In the end, this is a book for book lovers. Many books are 'called out' from the author's reviews for a major bibliographic list. Many book lovers will recognize our own quirks or quirks akin to our own, in this celebration of intellectual diversity. I also found it to be as important for people with disabilities as the Civil Rights Classic, Ralph Ellison's INVISIBLE MAN proved to be for African American males and writers.
I'm particularly interested in this book because like me and my husband, the author is blind. He brings our world to the lives of sighted people and introduces them to things we take for granted but rarely speak about to sighted friends. His descriptions of food are certainly worth the read. I would love to go to the restaurants he talks about. Thanks David for allowing a five star rating.

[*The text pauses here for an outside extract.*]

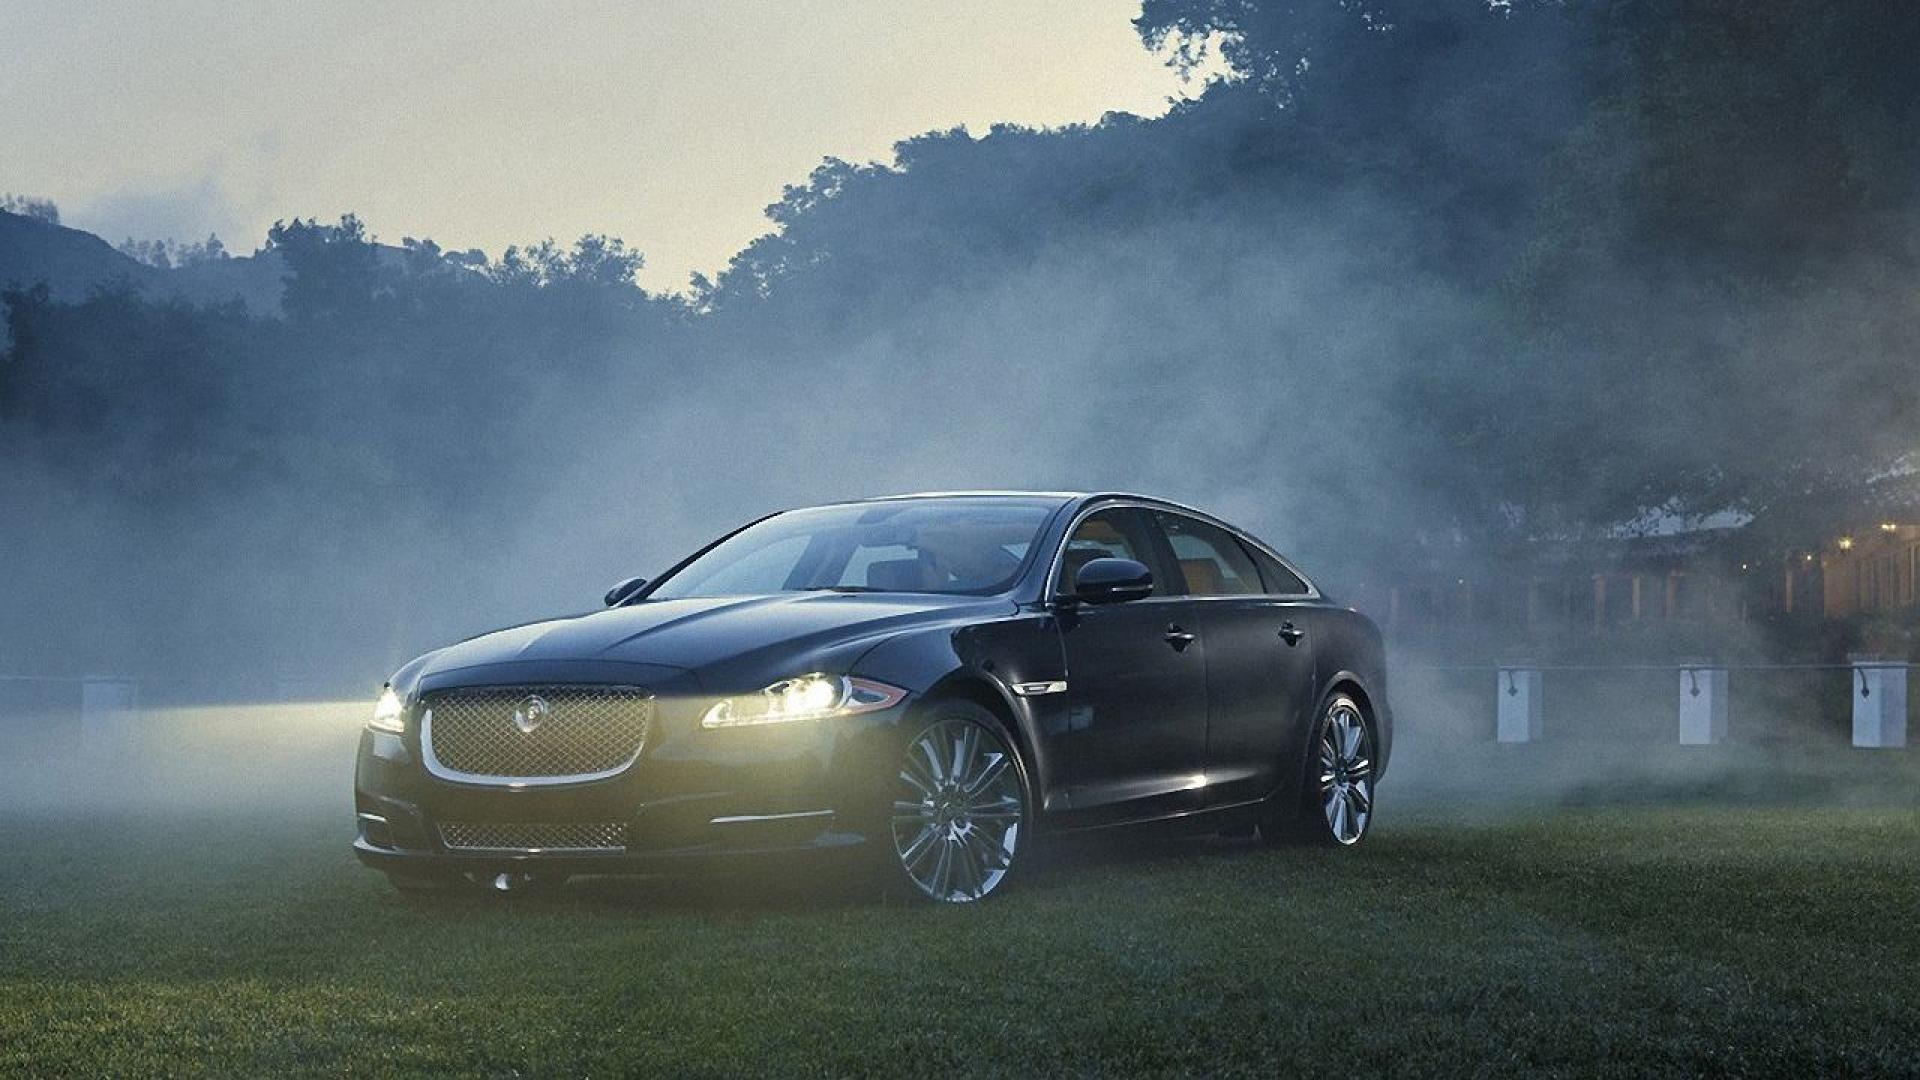 The auto editors of consumer guide jaguar cars evoke sensuous styling, snar. Jaguar Xj Wallpapers Wallpaper Cave

Across Two Novembers runs from late 2013 to late 2014. Faucheux writes about his daily life, a busy mix of cooking and other hobbies, visiting friends and relatives, communicating with a wide range of acquaintances through his computer, and above all, reading. Faucheux enjoys a wide range of reading ( using both braille and recorded books) and discusses them in an informal, conversational style which is very appealing. I've already read many of the books he mentions, and have made notes of a number of others that I intend to seek out now that he's told me about them.
Those who read Across Two Novembers may pick it up out of curiosity sparked by its subtitle: A Year In The Life Of A Blind Bibliophile. As they read they'll find their curiosity will give way to liking and respect for a man who contributes much to our world.